While dismissing the writ petition, the High Court held that it was undisputed that the third respondent and the Divisional Commissioner, who has been appointed as Commissioner (Appeals) under the GST Act, are constituted under the HPGST Act, and therefore, it is assumed that there is no illegal or irregular exercise of jurisdiction. The High Court further observed that even if there is some defect in the procedure followed during the hearing of the case, it does not follow that the authority acted without jurisdiction, and though the order may be irregular or defective, it cannot be a nullity so long it has been passed by the competent authority.

‘Section 83’

After going through all the arguments, the Division Bench of apex court said that it is evident from the facts noted above that the order of provisional attachment was passed before the proceedings against the appellant were initiated under Section 74 of the HPGST Act. Section 83 of the Act requires that there must be pendency of proceedings under the relevant provisions mentioned above against the taxable person whose property is sought to be attached. “We are unable to accept the contention of the respondent that merely because proceedings were pending/concluded against another taxable entity, that is GM Powertech, the powers of Sections 83 could also be attracted against the appellant,” it said while disposing the petition

According to Aditya Singhania, Partner at Singhania's GST Consultancy, time and again various High Courts have directed for careful handling of the power to attach properties on provisional basis. In fact, CBIC has recently issued guidelines for provisional attachment of property taken into account the directions of the Courts.

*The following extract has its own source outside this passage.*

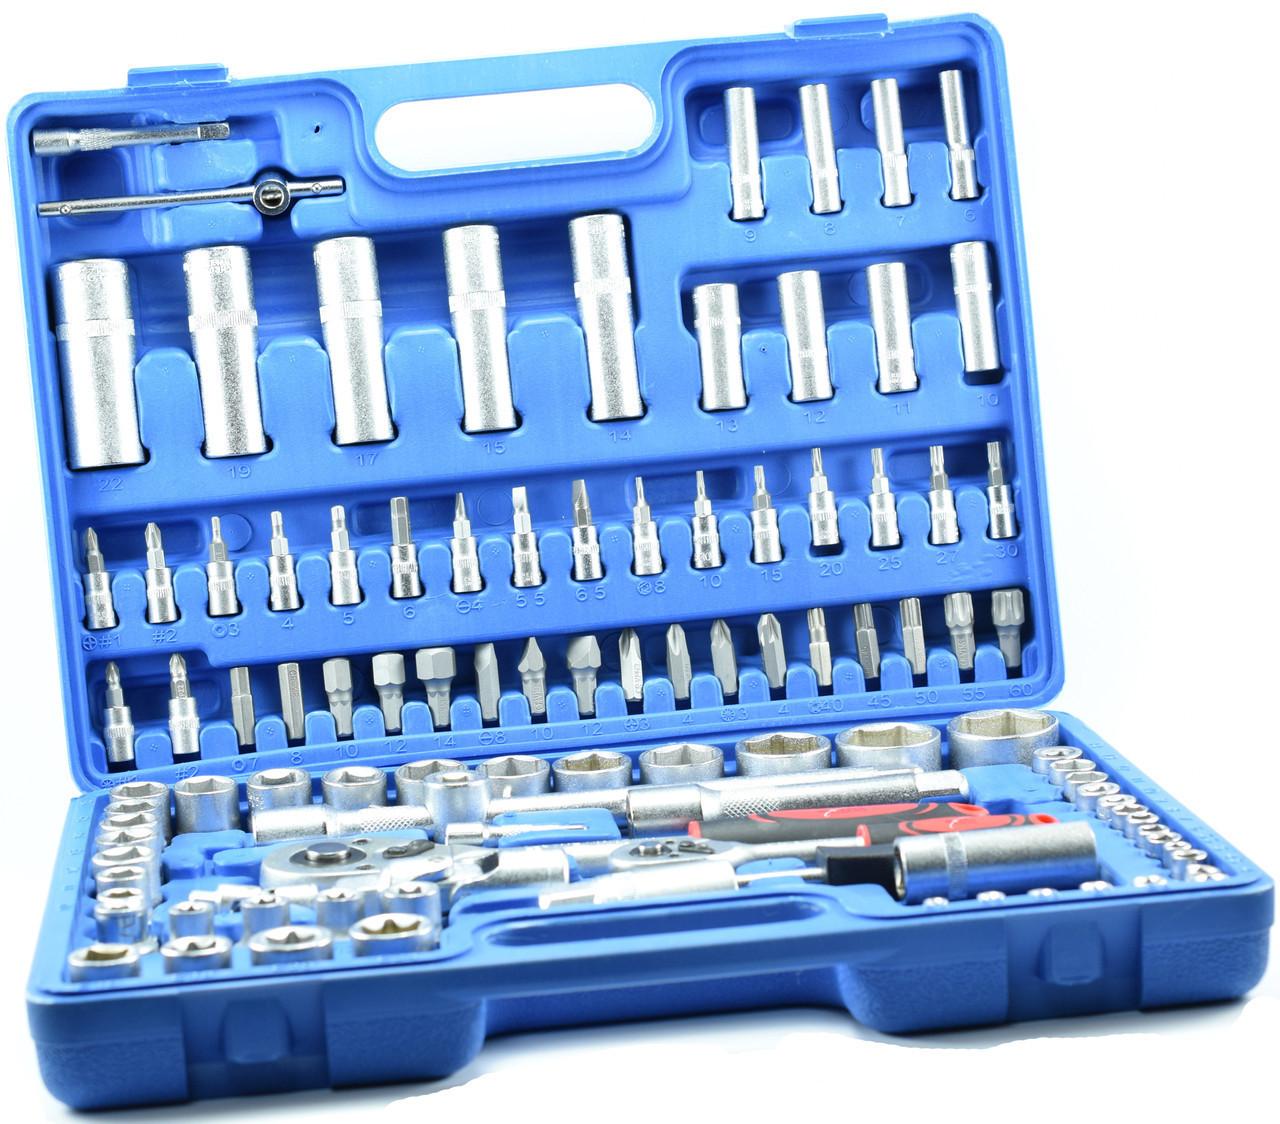 Профессиональный набор инструментов 108 предметов Extra (импортирован с Польши)
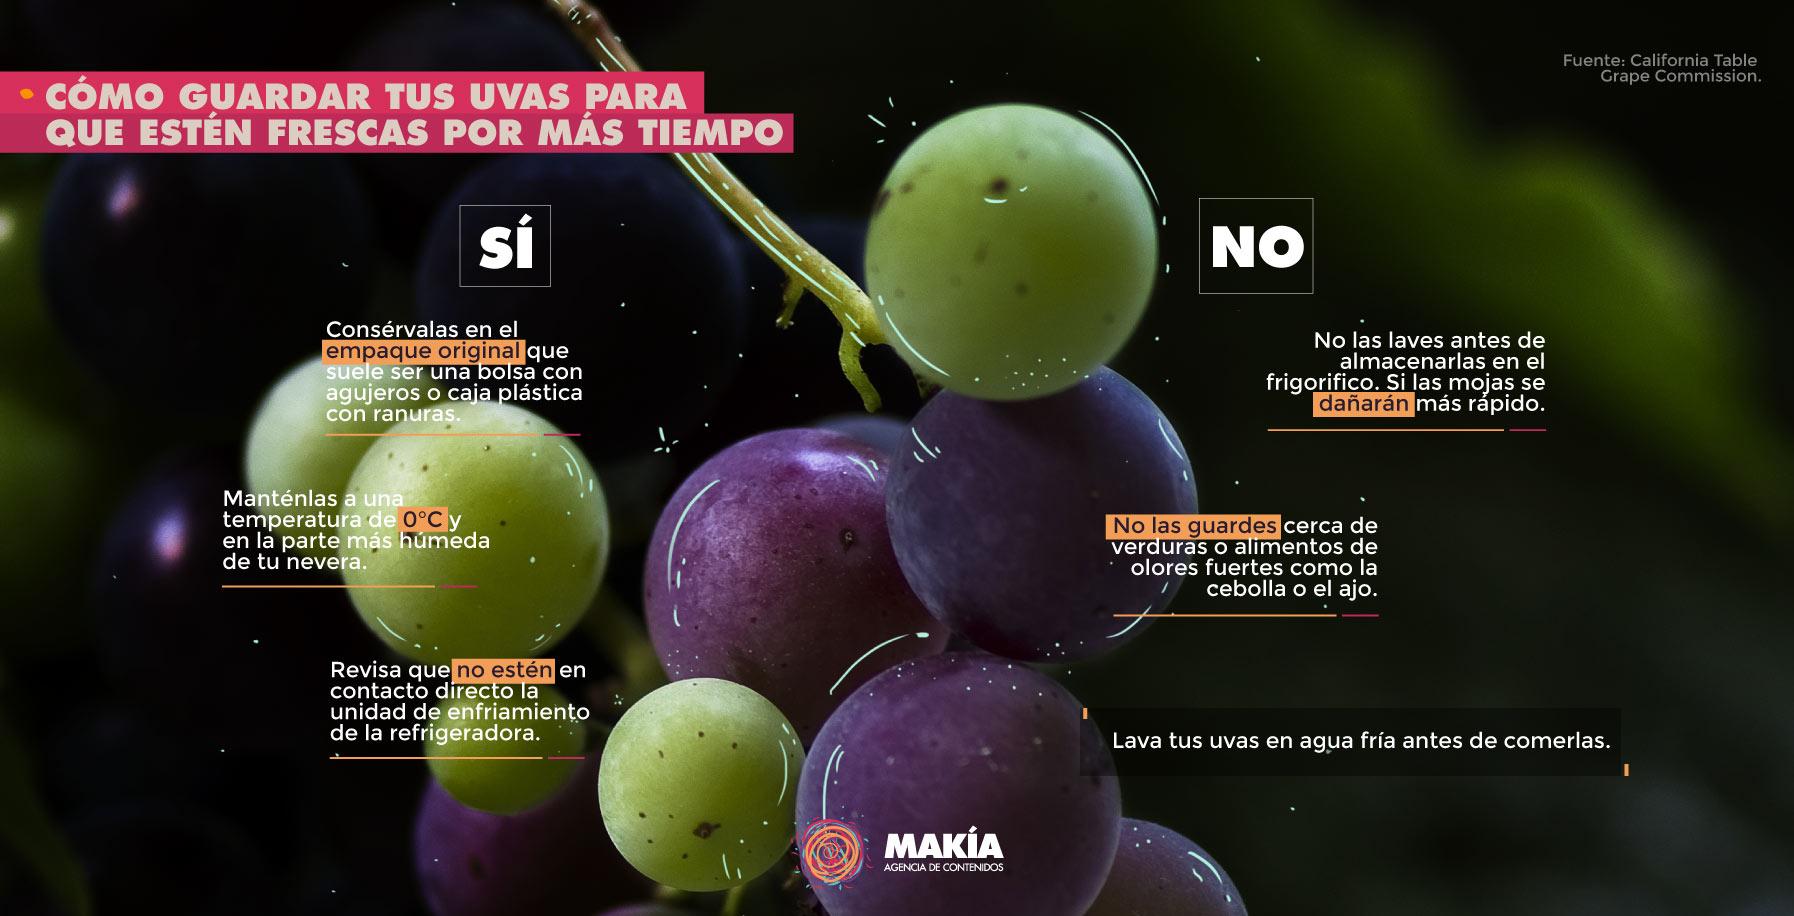 cómo guardar las uvas

One of the significant clarifications which comes out from the verdict of the Apex Court on Tuesday is that the provisional attachment must come to an end when the final order has been passed under section 74(9) as because the proceedings under section 74 are no longer pending. “This will also bring the stay on the recovery of the balance amount if an appeal is filed on 10 per cent pre-deposit, as against the provisional attachment of 100 per cent of the alleged amount,” he said.